We’re greeted by flamingos on plastic grass, an androgynous knock-off of Michelangelo’s David flanked by a pineapple and a porcelain cat. A mannequin in fishnet stockings strikes a sultry pose among plastic miniature trees and mushrooms. At first glance, each element seems banal, over-the-top, perhaps even vulgar, but in Bijl’s hands, these objects become shrines to banality. Together, they might even be considered altarpieces of consumer culture.
Bijl is a master of walking the tightrope between critique and complicity. We laugh at the clichés, but we also recognise our own desires in them. Because, let’s be honest: who doesn’t secretly love a dancing hula girl wiggling her skirt?
And that other girl in red, under the glowing star, leaning against a folding screen as if presenting herself. It almost seems like a wink to the Red Light District. The gallery’s glass window only adds to the ambiguity. As you pass by, the woman appears to lure you inside.

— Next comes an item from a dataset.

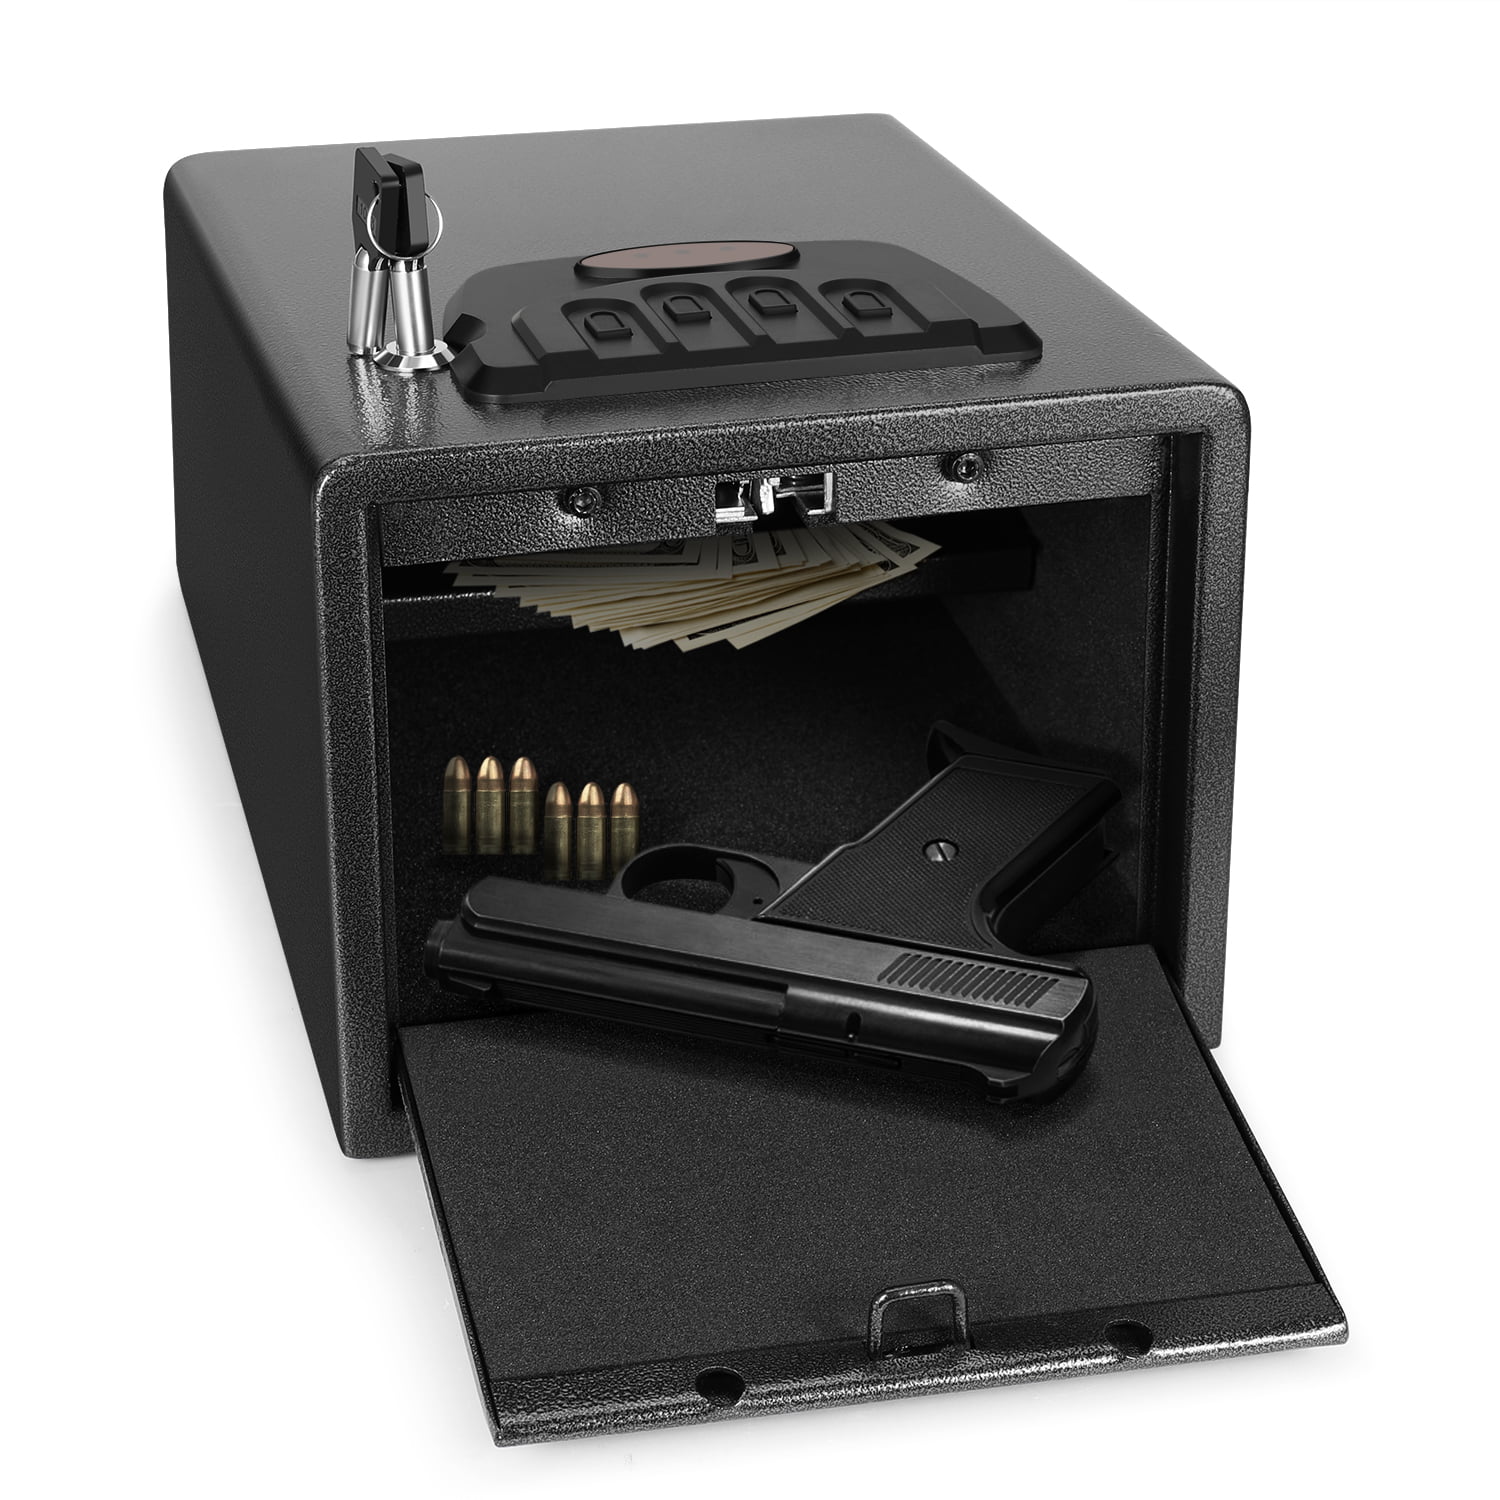 Quick Access Gun Pistol Safe Firearm Handgun Storage Security Cabinet Lock Box

Since the 1980s, Guillaume Bijl has been making his so-called Sorry installations, works with titles like Sorry. A Fake Monument, Sorry. An Unimportant Performance, Sorry. A Tourist Information Stand. Each Sorry piece is a surreal, humorous assemblage of found objects. With the title of the series, Bijl offers a kind of pre-emptive apology for daring to make work that isn’t considered “serious” art. Every time, he presents something too banal, too frivolous, too honest for what typically qualifies as “high” culture. What began as a playful diversion from his more realistic Transformation Installations, meticulously built replicas of driving schools, mattress shops and other mundane interiors, has grown into a catalogue of our shared desires, embarrassments, and aesthetic repressions.

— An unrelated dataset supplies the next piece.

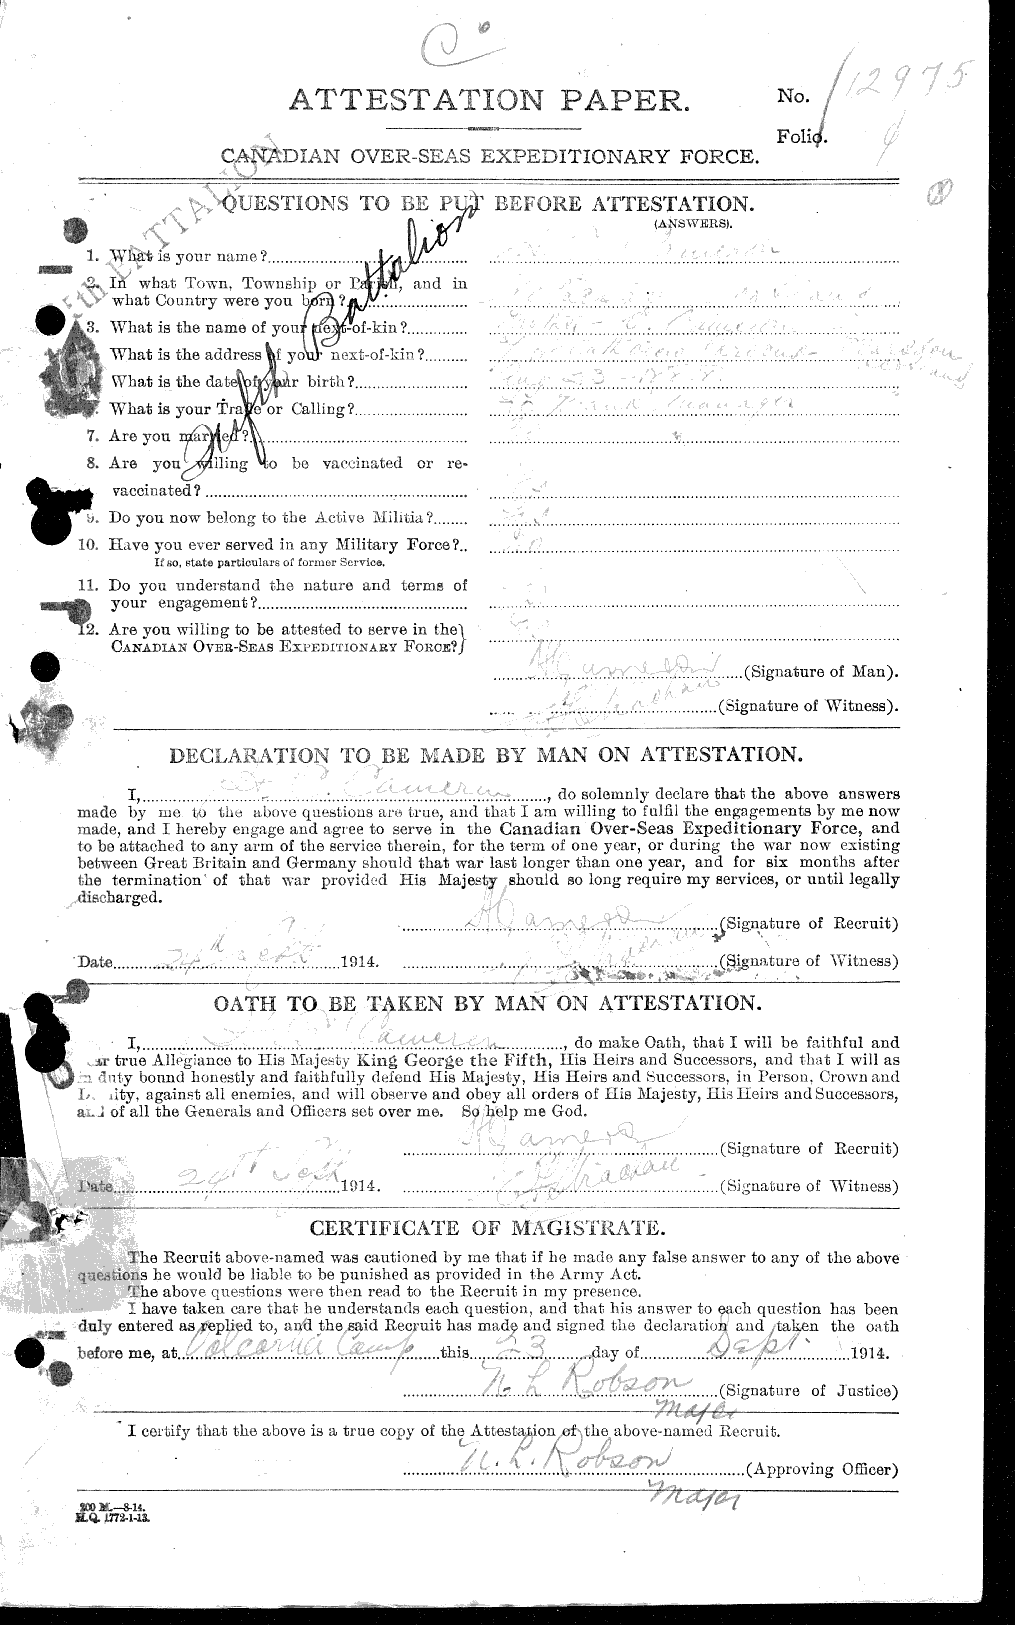 Dossiers du Personnel de la Première Guerre mondiale - CEC 002655a

Bijl works with objets trouvés: everyday objects removed from their original context and reassembled. Recognisable bits of decorative kitsch: a toy telephone, a porcelain doll, a mushroom, a golden monkey hanging from two fried eggs. He brings them together with precision, dressing the sterile white gallery cube in colour and kitsch.
These days, “sorry” rarely sounds like a real apology. It’s striking how far the word has drifted from its original meaning. We no longer say it because we’ve done something wrong, but because we might be inconveniencing someone. Because we’re ashamed of taking up space, or of liking something a bit odd, or of asking a question, or simply for being present. Sorry to bother you. Sorry to say something. Sorry for standing here. It’s become a kind of social lubricant, a word we throw in to ease discomfort, to seem polite, to appear more palatable, or simply out of habit. Sorry is a placeholder that pretends to fix something, but doesn't.
Bijl’s installations apologise in advance for their own existence: sorry I’m kitsch, sorry I’m too much, sorry I’ve put something on a pedestal that no one dares admit they like. It’s an ironic gesture, but not a cynical one. Secretly, we all find something in these constellations to be exciting, funny, or downright cute. His work reminds us that “bad taste” is part of being human, and thus inseparable from culture itself.
Guillaume Bijl is a man of the people, someone who mingles with the crowd. In Antwerp, he knows every second-hand shop and happily browses through wig stores where people greet him by name. His search for objects is almost a form of social fieldwork. Bijl is curious, charming, and physically engaging when he speaks, listening with an open and generous gaze.
We already take ourselves far too seriously. And when we don’t, we say sorry. Perhaps it’s time to let that go for a moment, and surrender to Bijl’s latest Sorry parade: a procession of wigs, plastic and porcelain. Joyfully unhinged and full of pleasure, he presents life as it is.
The exhibition ‘Recente Sorry’s will be on view at Lumen Travo in Amsterdam until 12 July 2025.